Legal Markdown JS is the TypeScript implementation of the Legal Markdown processing platform. It ingests contract-friendly markdown plus YAML metadata and produces consistent, multi-format output (Markdown, HTML, PDF, metadata exports) while enforcing legal-document conventions such as structured headers and clause toggles.
The project exists to:
- Guarantee deterministic, auditable document output across CLI, browser bundle and programmatic consumers
- Provide a single parsing + transformation stack built on remark/Unified
- Support template-driven authoring workflows (fields, helpers, clauses, references, imports, mixins)
- Supply review tooling such as field tracking and highlight-friendly outputs
The codebase is organised around a three-phase processing pipeline:
- Phase 1 - Context Builder: Parse frontmatter, resolve force-commands,
merge options, and emit a
ProcessingContext - Phase 2 - Remark Processor: Run the canonical remark plugin suite once
and cache the resulting AST + metadata (
LegalMarkdownProcessorResult) - Phase 3 - Format Generator: Derive every requested artefact from the cached AST without re-processing content
This pipeline is reusable by the CLI, browser interface, automated jobs and future services.
- YAML frontmatter parsing with metadata merging and validation
- Template field resolution (helpers, conditionals, mixins)

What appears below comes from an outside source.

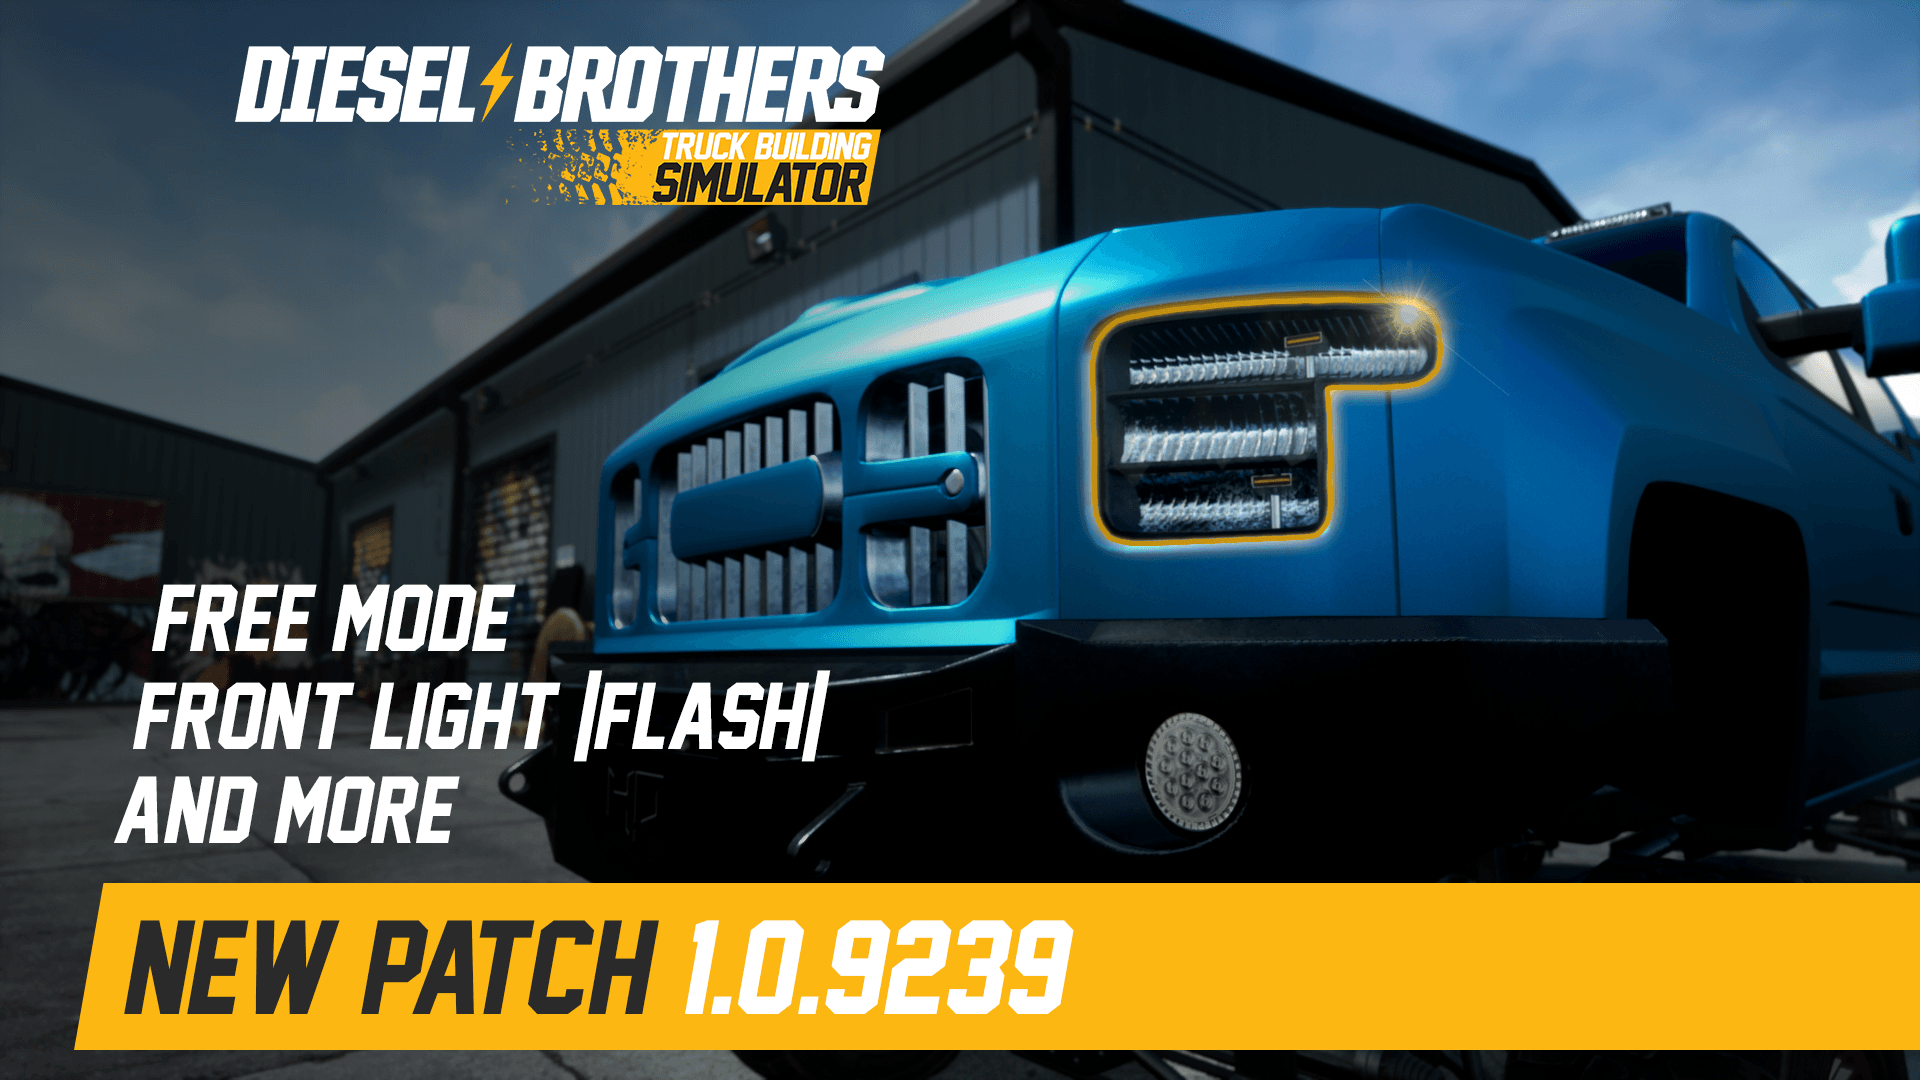 Diesel Brothers: Truck Building Simulator - Patch 1.0.9239

- Legal header parsing and numbering with CSS class decoration
- Clause toggles, cross-references, imports and date helpers
- Field tracking with highlight-ready spans and usage reports
- Markdown (processed content) with optional indentation control
- HTML and PDF via cached AST, with highlight variants and custom CSS support
- Metadata exports (YAML/JSON) aligned with processing options
- TypeScript-first APIs with strict typing and shared interfaces
- CLI (scriptable + interactive) and UMD/browser bundles built from the same pipeline modules
- Extension points for new remark plugins, helpers and generators
- Comprehensive testing strategy balancing unit, integration and regression suites
The architecture documentation is structured as follows:
| Document | Focus |
|---|---|
02_core_system.md |
Codebase modules, pipeline exports and data flow |
03_processing_pipeline.md |
Phase-by-phase pipeline architecture |
04_remark_integration.md |
Plugin suite, metadata registry and validator |
05_field_tracking.md |
Field tracking internals and reports |
06_web_interface.md |
Browser application + bundle integration |
07_cli_system.md |
CLI stack and service orchestration |
08_extensions.md |
Supported extension points and patterns |
09_type_system.md |
Shared types and typing conventions |
10_build_deployment.md |
Build targets, packaging and distribution |
11_testing_strategy.md |
Testing layers and coverage expectations |
12_performance.md |
Benchmarks and performance tooling |
13_security.md |
Threat model and mitigation checklist |
14_migration_strategy.md |
Legacy deprecation and adoption plan |
15_troubleshooting.md |
Runbooks for common failure scenarios |
Together they document the current architecture baseline after the pipeline refactor (Issue #122) and serve as the touchpoint for future evolution.